An attorney for UDF declined to comment.

“The thing I object to is the way the lawyers have been personally attacked,” Judge Akin said at the December hearing, according to the transcript. “I find it reprehensible, and in my 57 years I have never seen anything as bad as this case.”

Akin said he did not know how much he would ultimately impose in terms of fines, but said he planned to reimburse the plaintiffs for “whatever out of pocket expenses that they have in dealing with this.”

“The question is, how do I get Mr. Bass’s attention and the lawyers’ attention to stop behavior like this,” Akin continued at the hearing. “I don’t know what it will take… I want the lawyers henceforth to devote their time to the facts in the case, not attacking the lawyers in this case.”

He noted that early in the case, someone made disparaging remarks about one of Hayman’s attorneys, “and I jumped on them about it early on.”

UDF separately sued Hayman in 2017, accusing the hedge fund of distorting UDF’s record.

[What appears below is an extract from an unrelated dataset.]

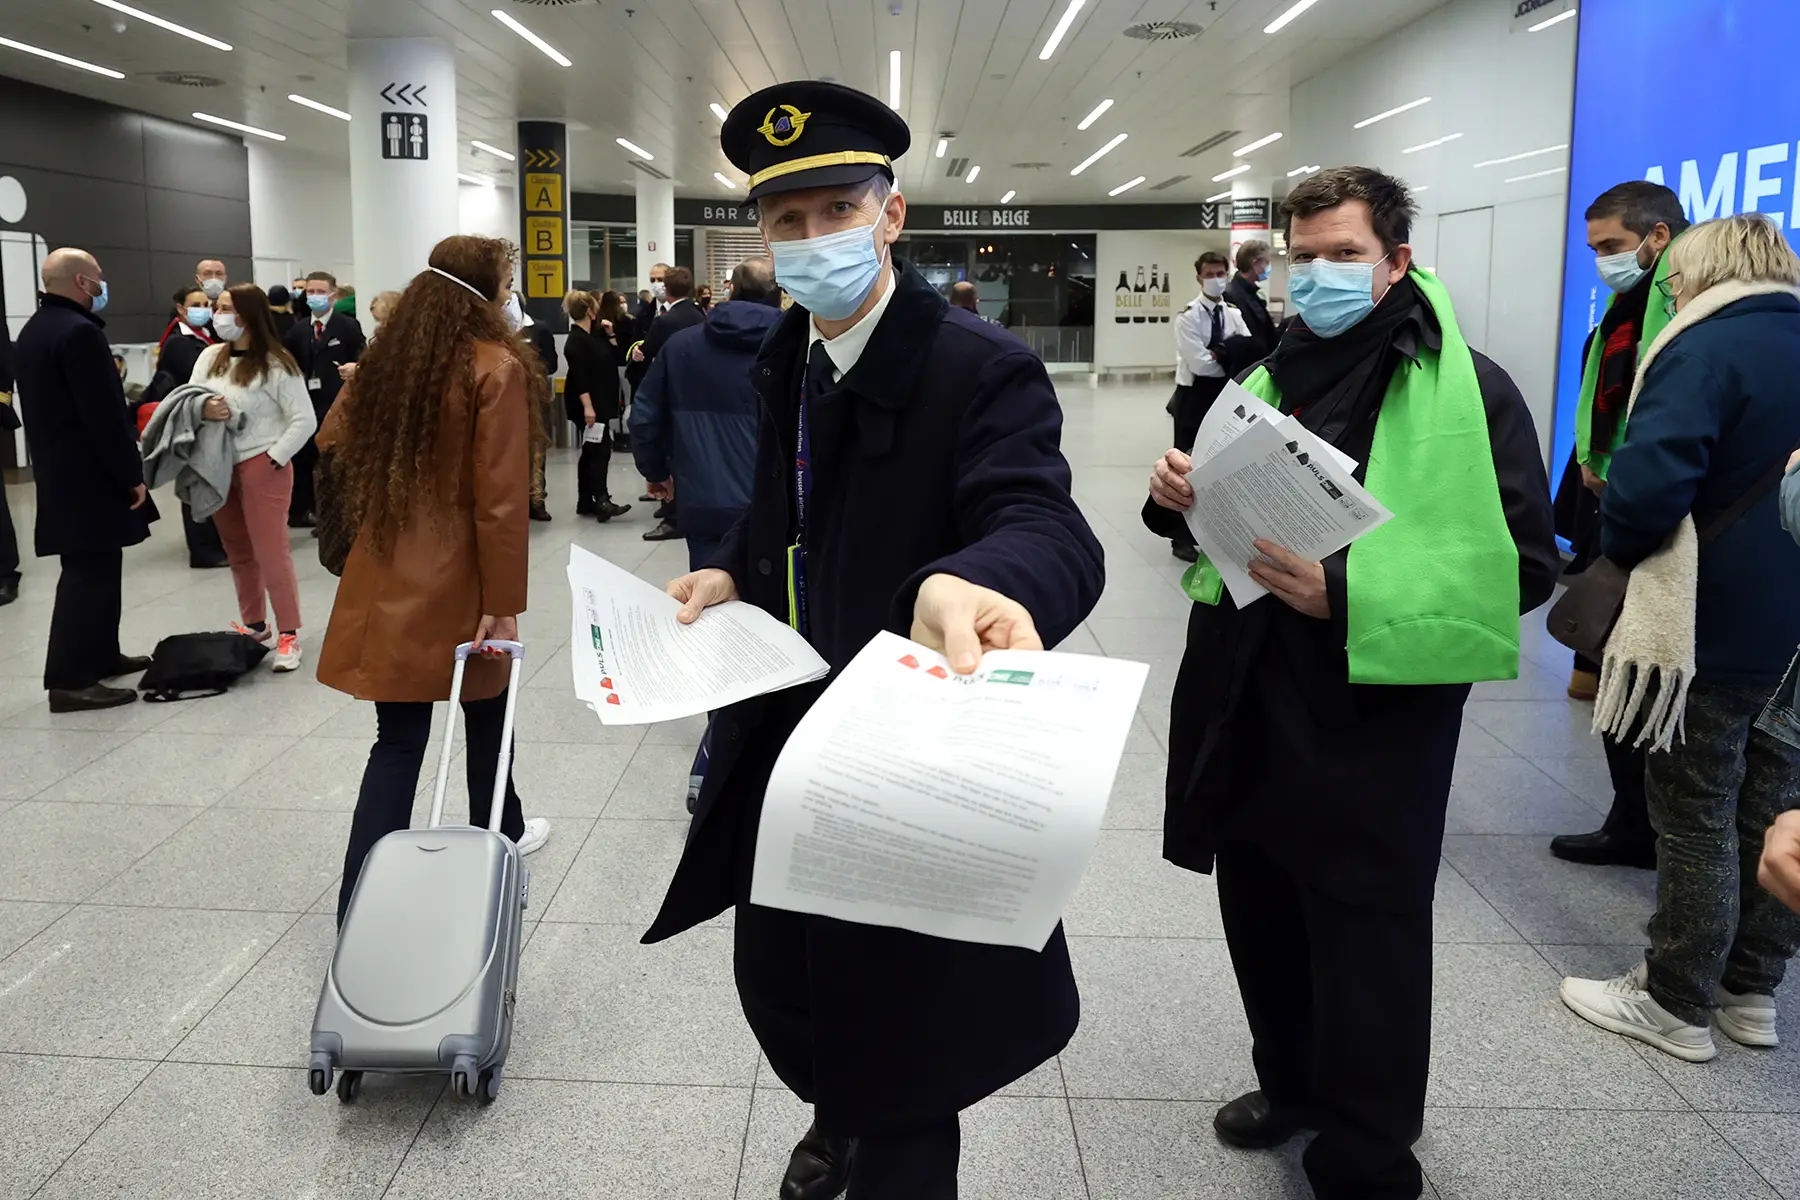 A man in a long jacket, surgical mask, and pilot's cap offers a piece of paper to the photographer. Workers on strike.
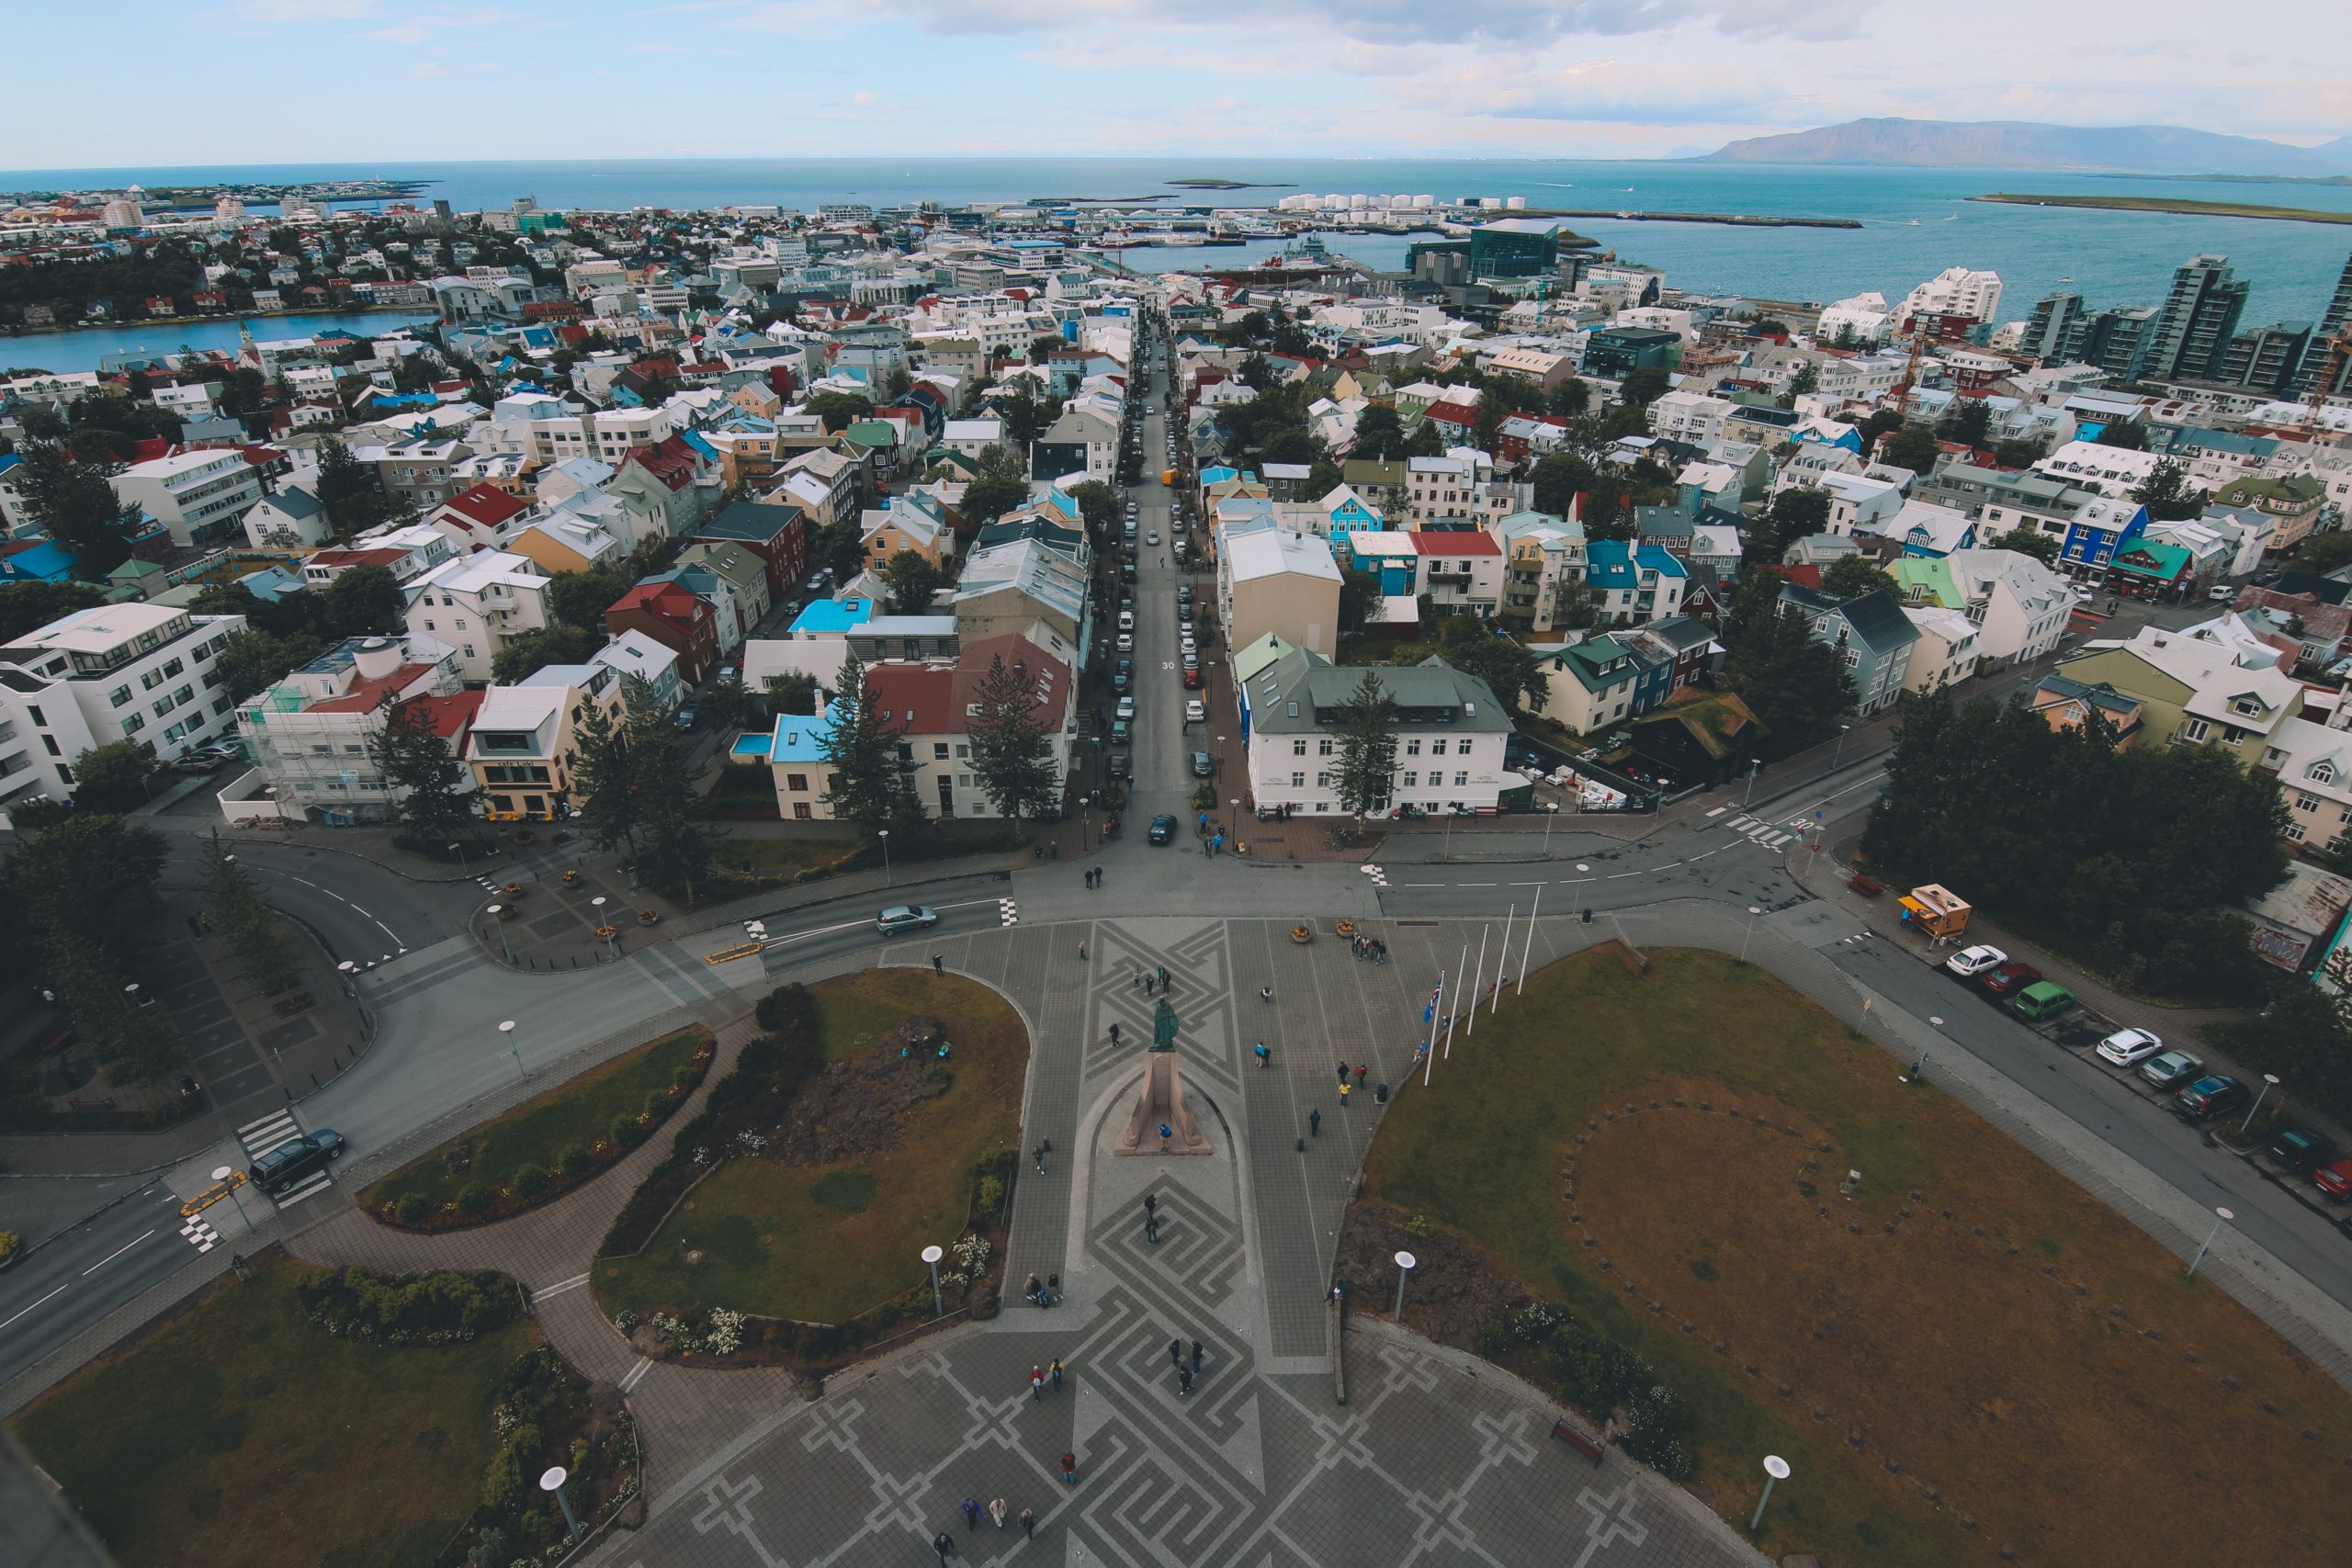 A view overlooking the city of Reykjavík

Hayman and Bass have denied these claims, but a Texas judge earlier this year ruled that the lawsuit can proceed, according to the Wall Street Journal.

In response, Hayman has said it has acted as a whistleblower, saying it identified a “multi-hundred-million-dollar fraud” at UDF and that any questions about its conduct were motivated by “vendettas of an advance group of charged fraudsters,” attorneys for the firm told the Wall Street Journal this summer.